# Encrypted Filesystem for Linux & Windows

## drkstorm

I have an external harddrive, I would like to make it an encrypted filesystem, in the way that loop/aes and pgp desktop work. Does anyone know of a common ground encryption program that both linux and windows can mount? I would use PGP desktop, but it doesnt look like the linux version of pgp supports pgpdisk, and I doubt that windows can mount a loop/aes filesystem.

Any ideas on what might work with both?

----------

## drkstorm

guess not huh?

----------

## drkstorm

after much research i guess i will answer my own question ,just in case others would like this info:

BestCrypt: http://www.jetico.com/

can be mounted in windows and linux, take that pgp!  :Wink: 

----------

## -Craig-

I also use it  :Smile: 

It's very cool!

----------

## arkane

 *drkstorm wrote:*   

> after much research i guess i will answer my own question ,just in case others would like this info:
> 
> BestCrypt: http://www.jetico.com/
> 
> can be mounted in windows and linux, take that pgp! 

 

It's a shame PGPDisk has basically been left to rot. (Even though there was never a Linux version)

It's also a shame some wrapper hasn't been made around GPG to do the same thing  :Smile: 

----------

## afabco

I've used jetico bestcrypt on windows 2K for years with satisfactory results.  I've tried working it with linux with mixed results.  One big problem they seem to have is a lack of commitment to staying current with kernel revs.

Of course, this problem is not limited to jetico; it's prevalent among commercial linux software.  Win4lin and nvidia come immediately to mind.

----------

## drkstorm

I agree that pgp disk cound be made better, however, bestcrypt is practically identical.
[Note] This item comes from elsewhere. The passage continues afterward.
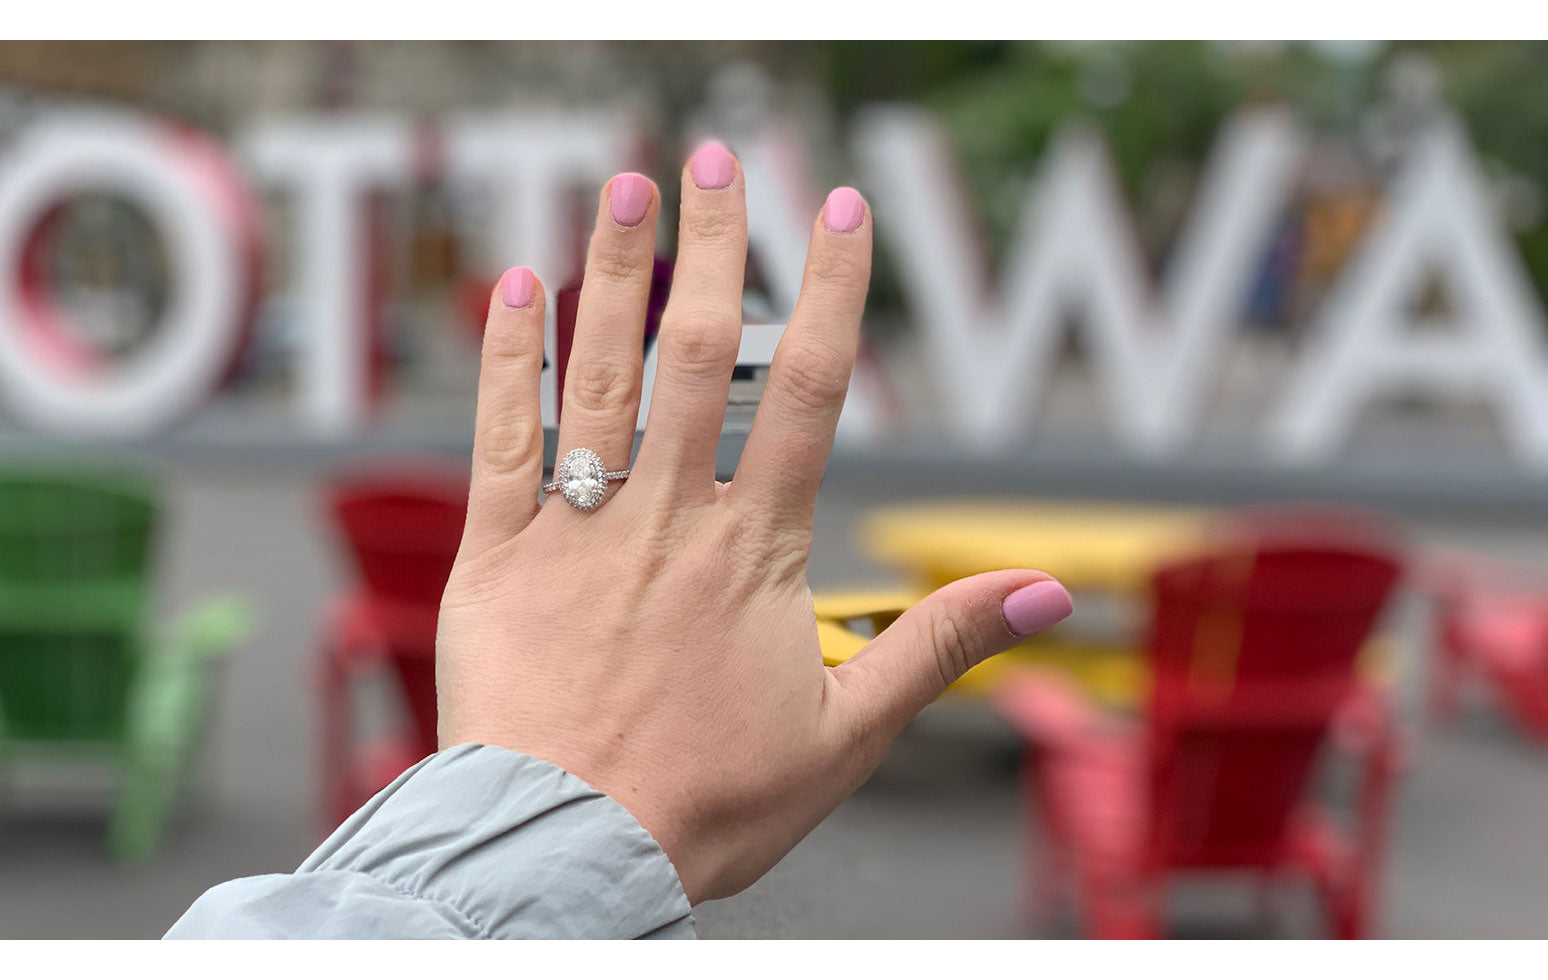 Amanda's engagement ring
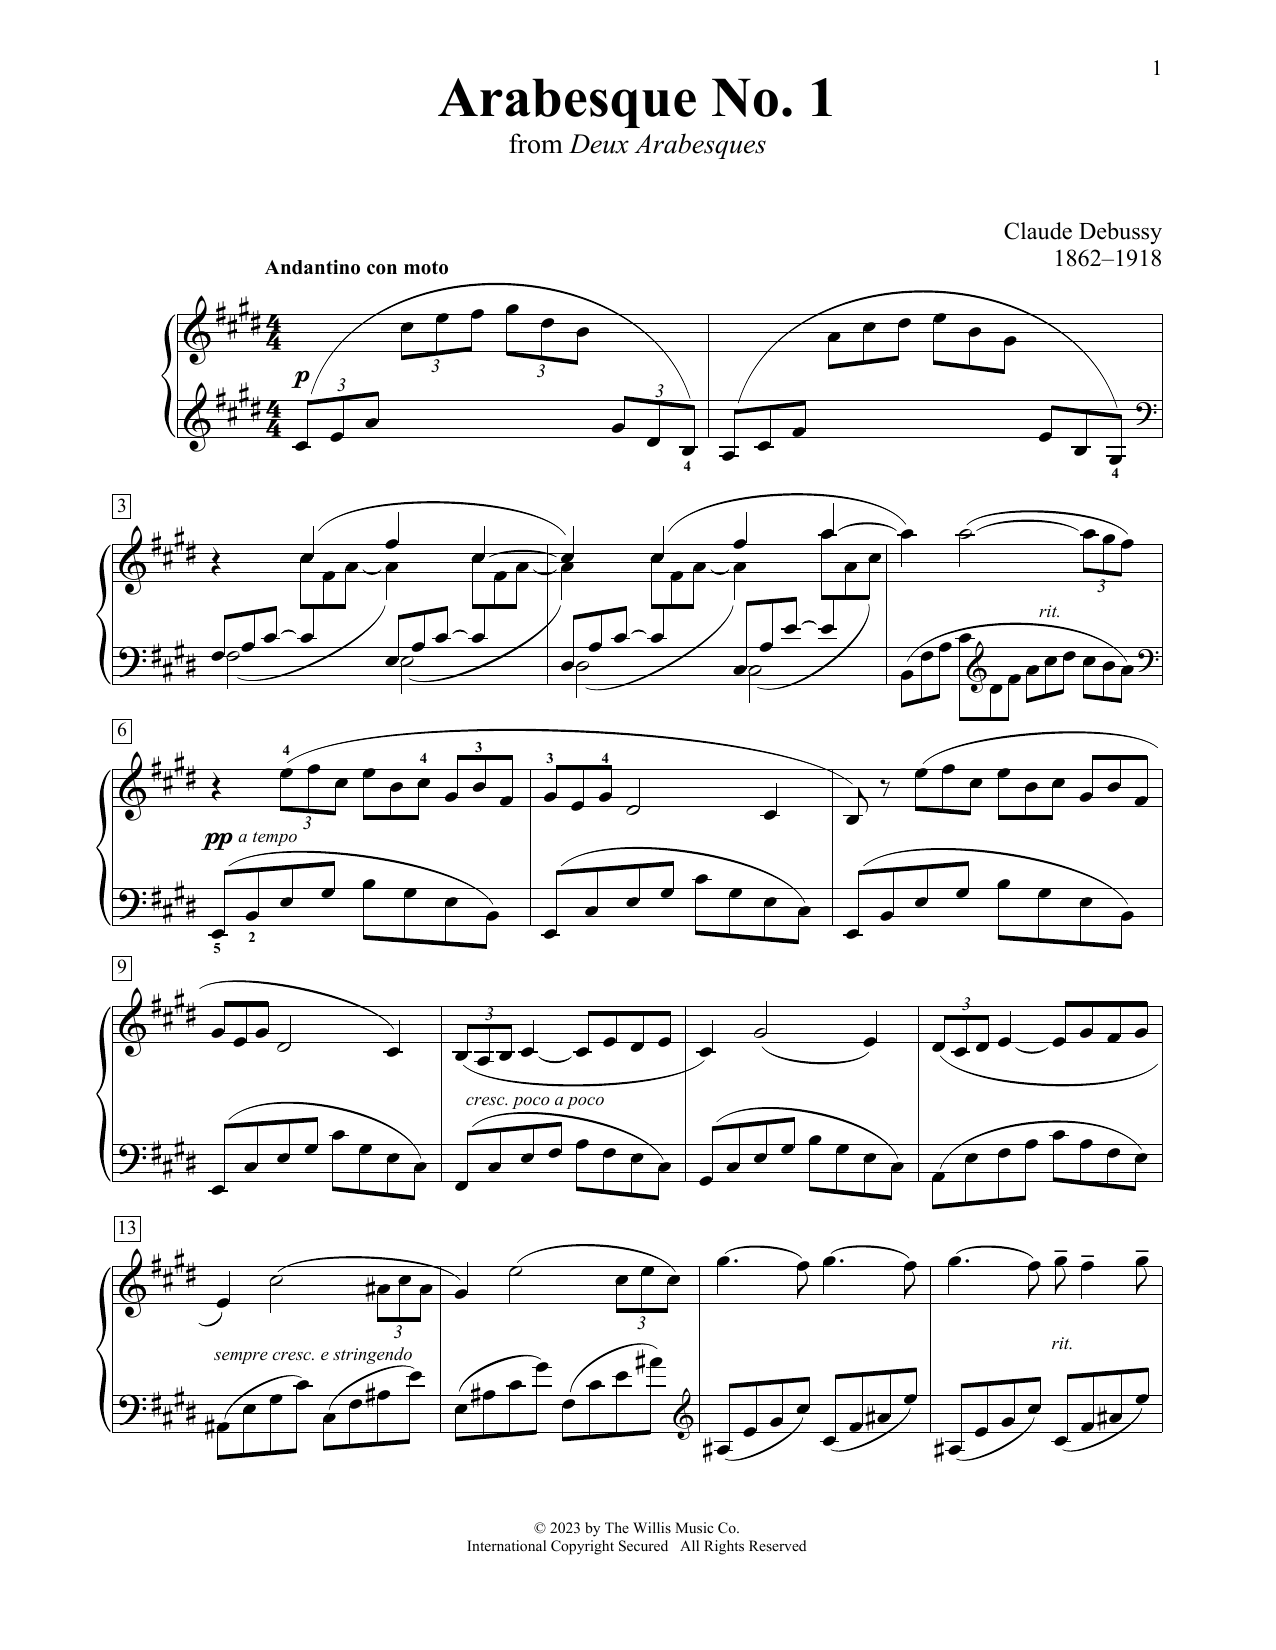 Claude Debussy Arabesque No. 1 sheet music notes printable PDF score

I have used bestcrypt on winxp and gentoo w/ kernel 2.6.5 without problems, my main concern is having to use linux tools to make fat32 partitions... scary, i don't quite trust it, but it seems to work. 

I have a 250GB external harddrive, so I formatted it NTFS, then used bestcrypt and made a 250GB container file, then i used mkdosfs (the windows ported version) to create a 250GB fat32 partition, now I can mount it under both operating systems, works pretty well

----------

## DaFire

there is a driver avaible to mount loop-aes drives under windows..

http://www.scherrer.cc/crypt/

i use it to write encryted backups to cd/dvd right now and i can mount them in linux and windows so i'm happy

----------